Edition: BP 2025 (Ph. Eur. 11.6 update)
Liothyronine Tablets
General Notices
Action and use
Thyroid hormone replacement.
DEFINITION
Liothyronine Tablets contain Liothyronine Sodium.
The tablets comply with the requirements stated under Tablets and with the following requirements.
Content of liothyronine sodium, C15H11I3NNaO4
90.0 to 110.0% of the stated amount.
IDENTIFICATION
In the test for Uniformity of content, record the UV spectrum of the principal peak in the chromatograms obtained with solutions (1) and (2) with a diode array detector in the range of 210 to 400 nm.
The UV spectrum of the principal peak in the chromatogram obtained with solution (1) is concordant with that of the peak in the chromatogram obtained with solution (2);
the retention time of the principal peak in the chromatogram obtained with solution (1) is similar to that of the peak in the chromatogram obtained with solution (2).
TESTS
Dissolution
Comply with the dissolution test for tablets and capsules, Appendix XII B1.
Plastic containers must not be used to prepare and store solutions.
TEST CONDITIONS
(a) Use Apparatus 2, rotating the paddle at 100 revolutions per minute.
(b) Use 500 mL of water, at a temperature of 37°, as the medium.
(c) Place a number of tablets containing 40 μg of Liothyronine Sodium in the dissolution vessel.
PROCEDURE
Carry out the method for liquid chromatography, Appendix III D, using the following solutions prepared immediately before use.

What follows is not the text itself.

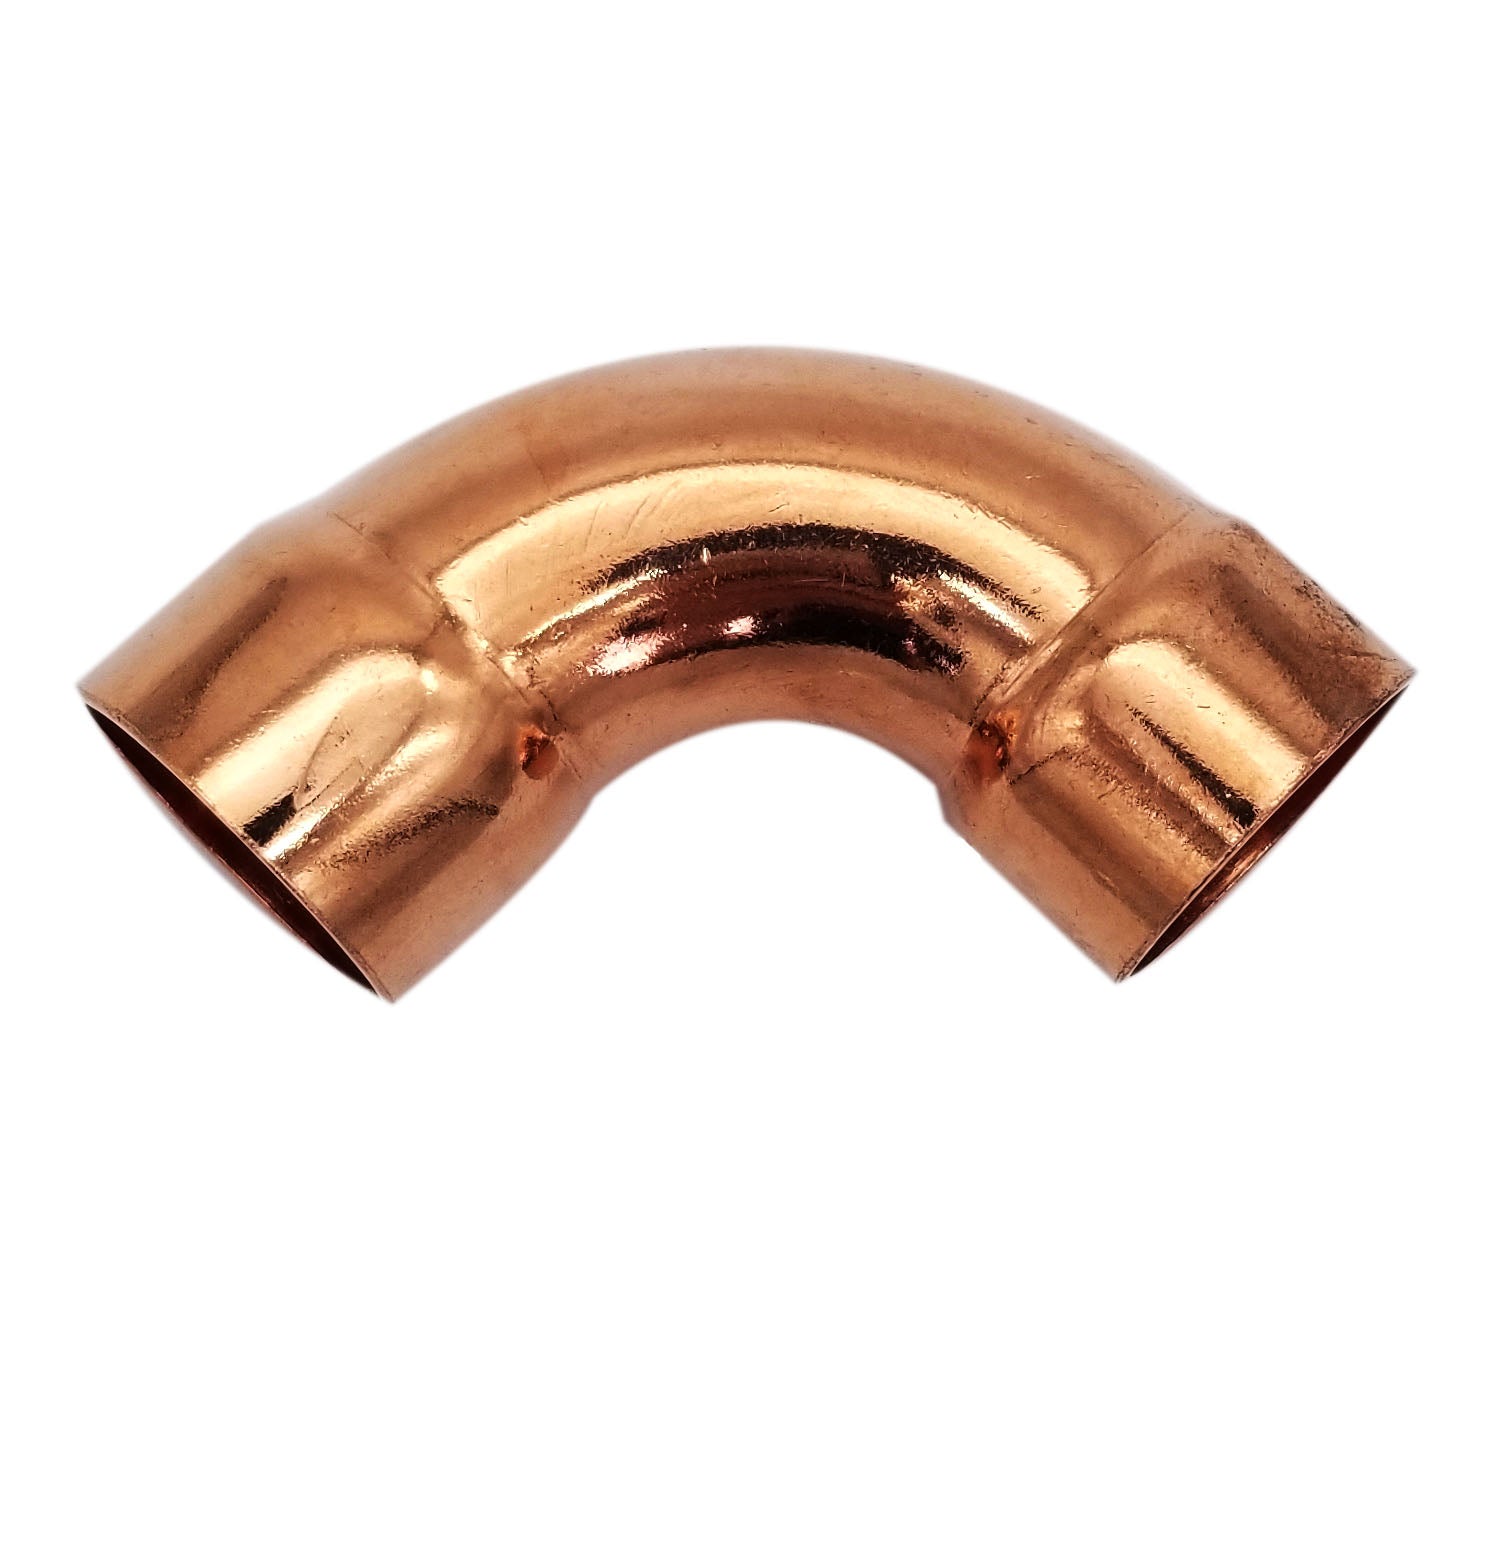 Copper Fitting 1/4 Inch (HVAC Outer Dimension) 1/8 Inch (Plumbing Inner Dimension) - Copper Long Radius 90° Elbow Fitting with 2 Solder Cups & HVAC – 99.9% Pure Copper - 5 Pack

(1) After 45 minutes withdraw a sample of the medium and filter (a GMF filter is suitable), discarding the first 6 mL of the filtrate. To 10 volumes of the resulting solution, add 0.25 volume of a 2% v/v solution of diethylamine and 0.4 volume of 0.1 M sodium hydroxide.
(2) 0.004% w/v of liothyronine sodium EPCRS in 0.001M sodium hydroxide. Dilute with water to produce a solution containing 0.000008% w/v of liothyronine sodium EPCRS. To 10 volumes of the resulting solution, add 0.25 volume of a 2% v/v solution of diethylamine and 0.4 volume of 0.1M sodium hydroxide.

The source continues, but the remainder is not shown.